WHAT TO PRODUCE: In the entries below, begin at the line that has "LOGOS/ロゴス エアマジックPANELドーム L-AH", stop after the line that has "Thanh niên tử", and output those lines exactly with no pictures.
START ENTRIES PROVIDED
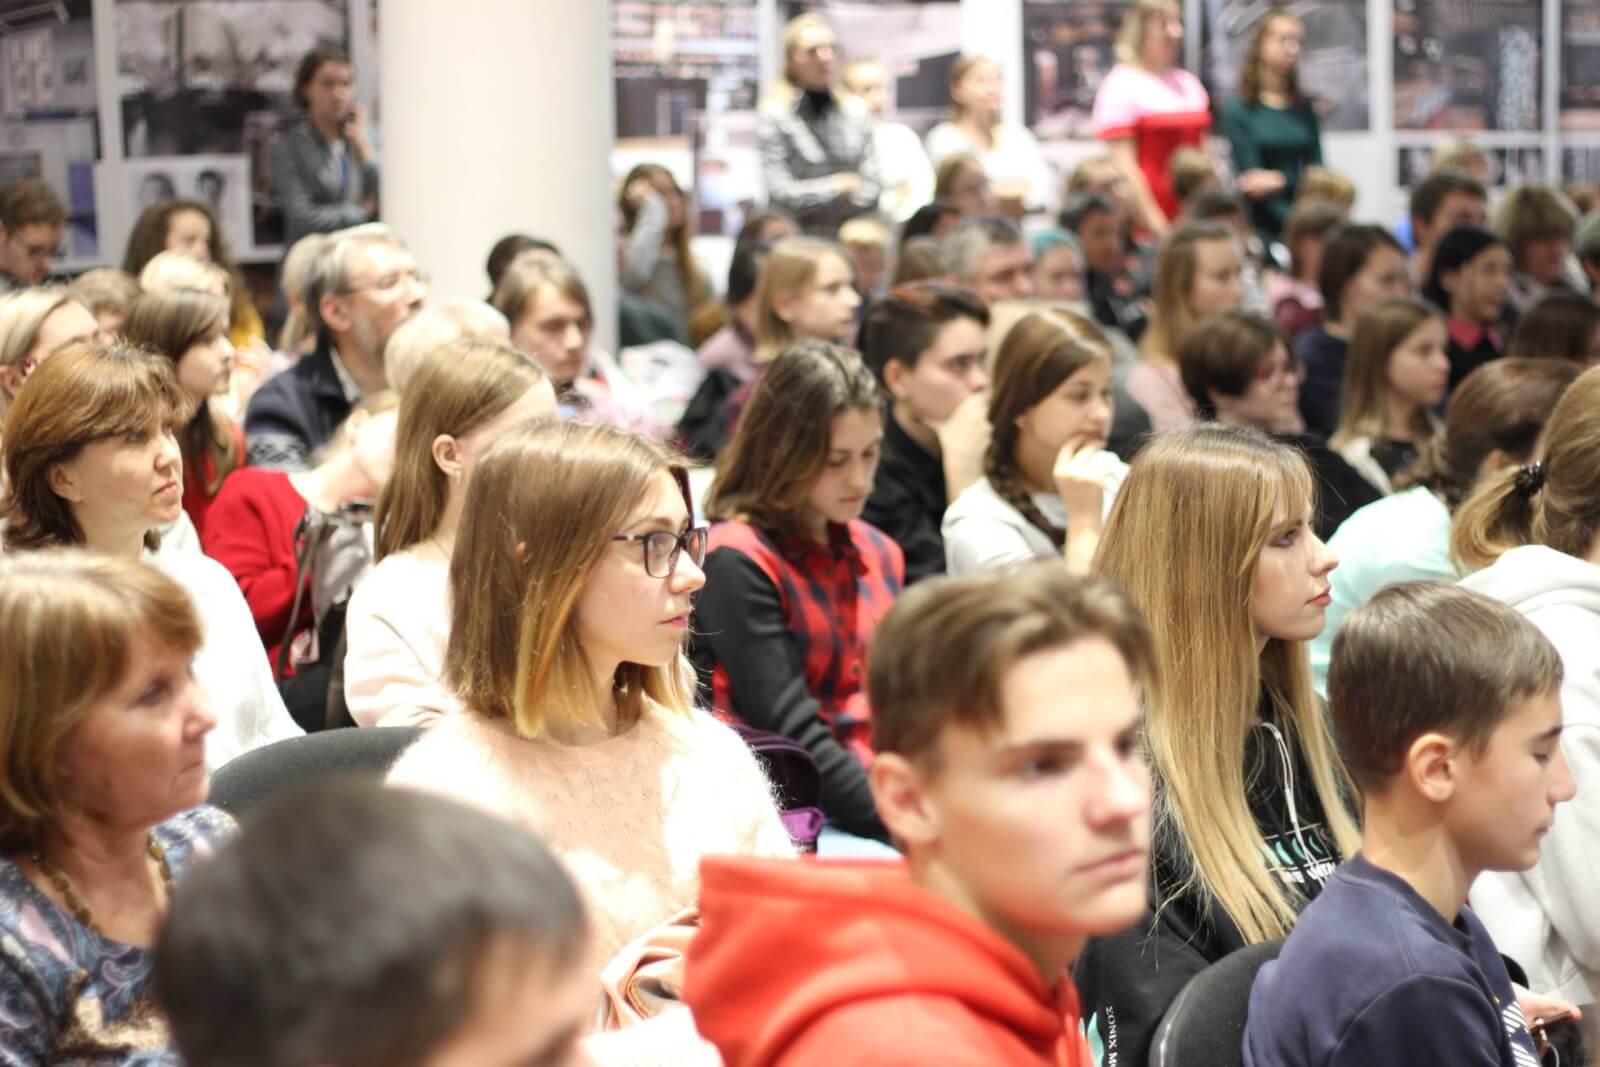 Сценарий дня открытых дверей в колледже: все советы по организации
END ENTRIES PROVIDED
START ENTRIES PROVIDED
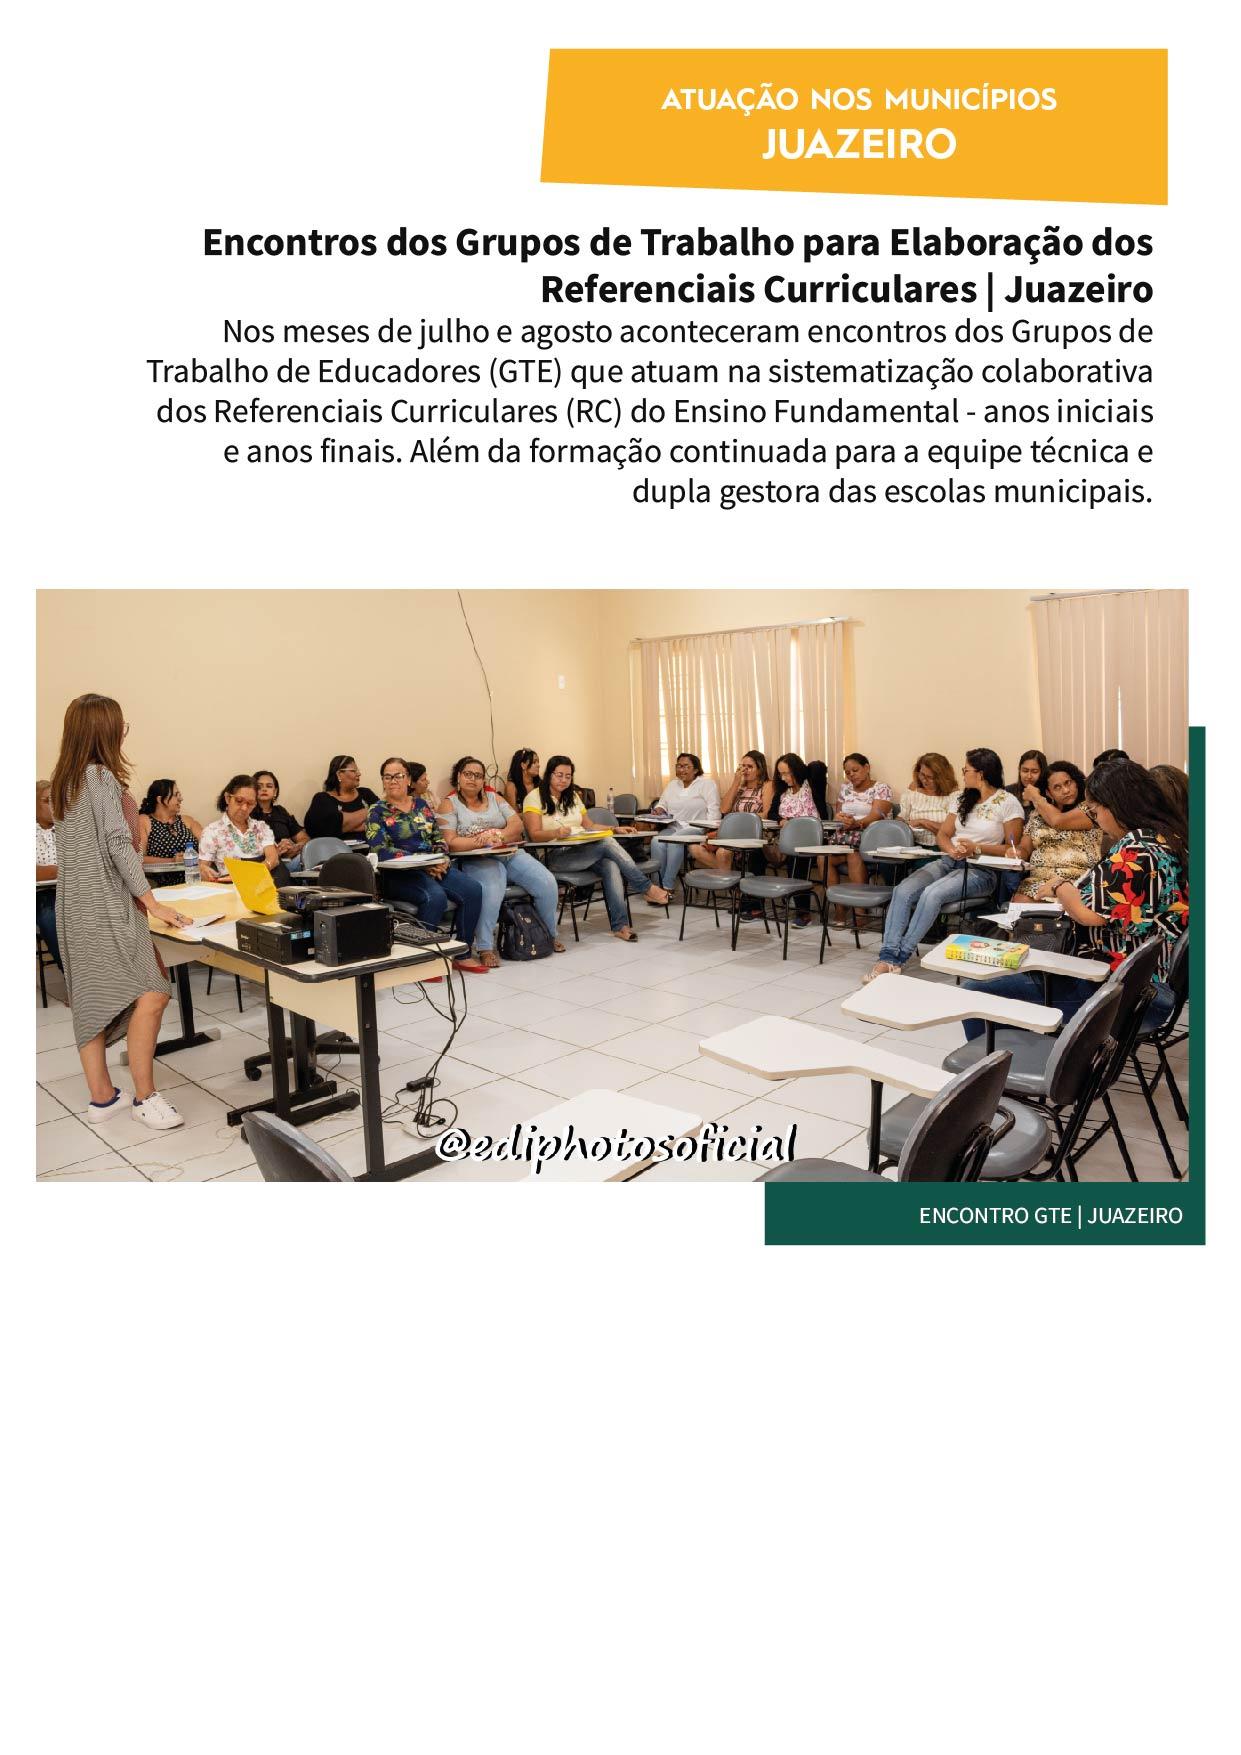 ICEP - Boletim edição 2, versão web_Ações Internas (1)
END ENTRIES PROVIDED
START ENTRIES PROVIDED
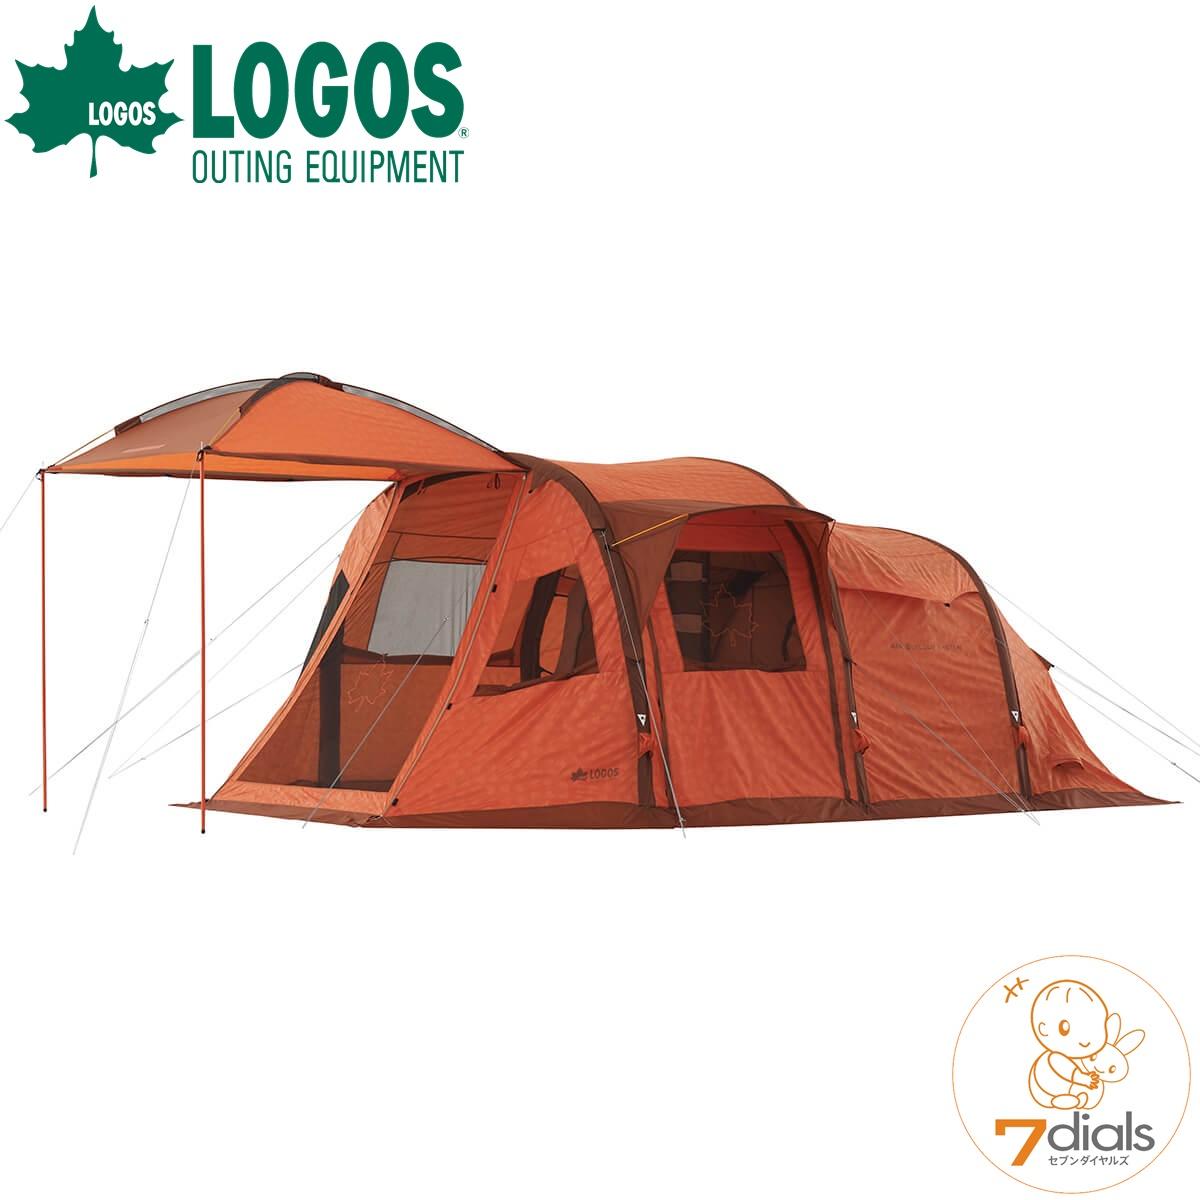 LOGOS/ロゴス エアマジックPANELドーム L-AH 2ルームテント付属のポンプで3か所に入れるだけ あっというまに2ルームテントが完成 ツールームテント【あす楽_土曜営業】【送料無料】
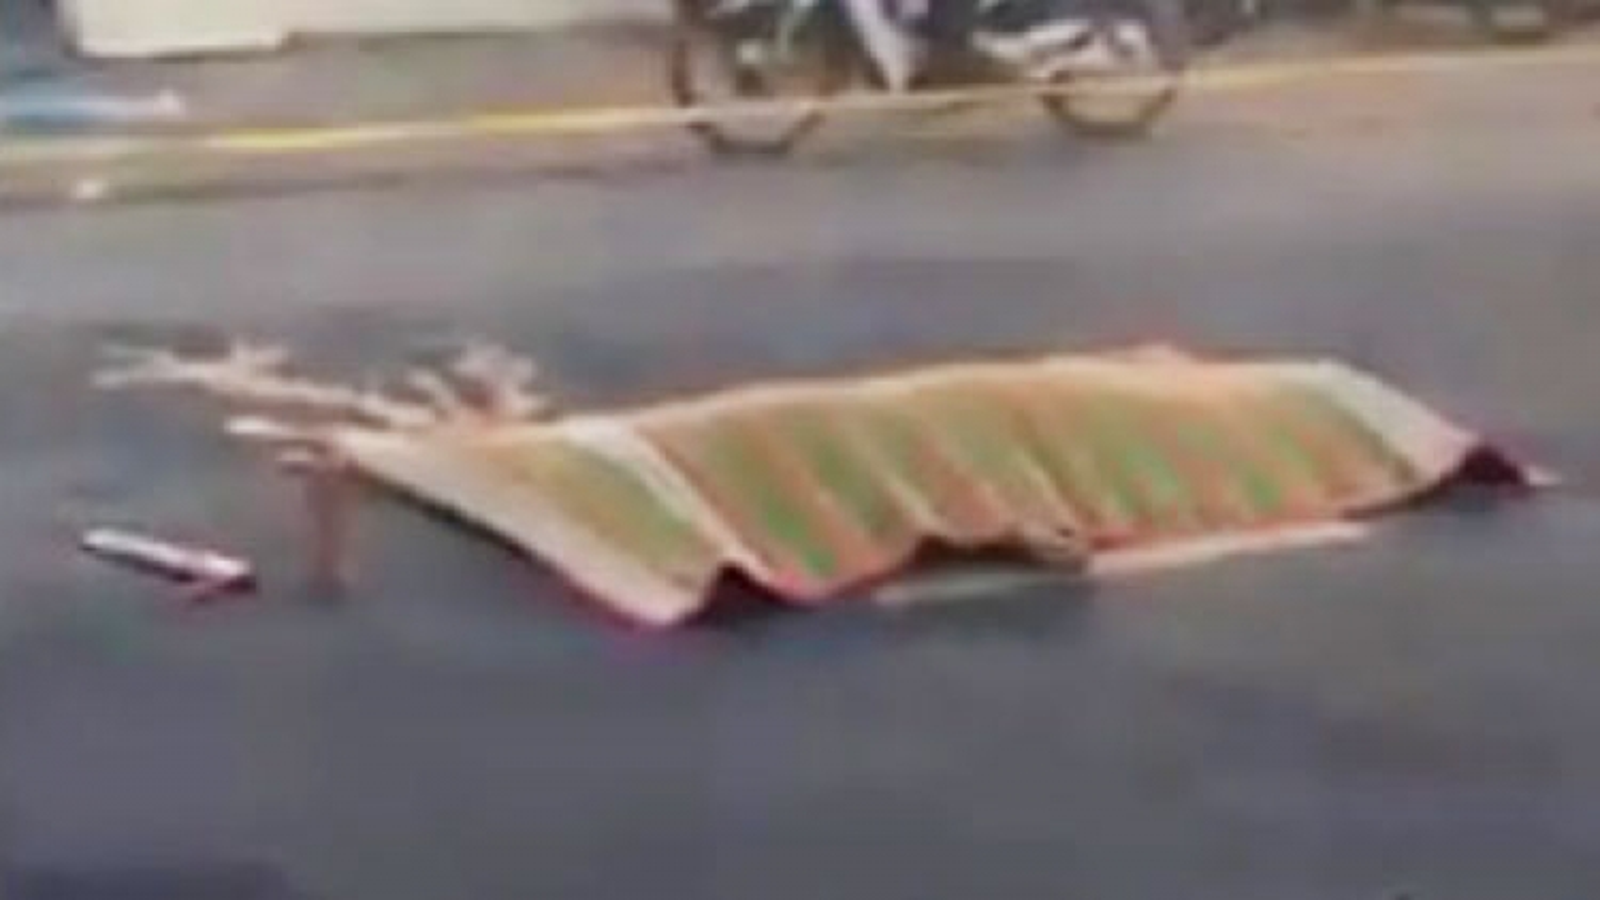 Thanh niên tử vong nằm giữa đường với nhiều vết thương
END ENTRIES PROVIDED
RESPONSE AREA:
 LOGOS/ロゴス エアマジックPANELドーム L-AH 2ルームテント付属のポンプで3か所に入れるだけ あっというまに2ルームテントが完成 ツールームテント【あす楽_土曜営業】【送料無料】
 Thanh niên tử vong nằm giữa đường với nhiều vết thương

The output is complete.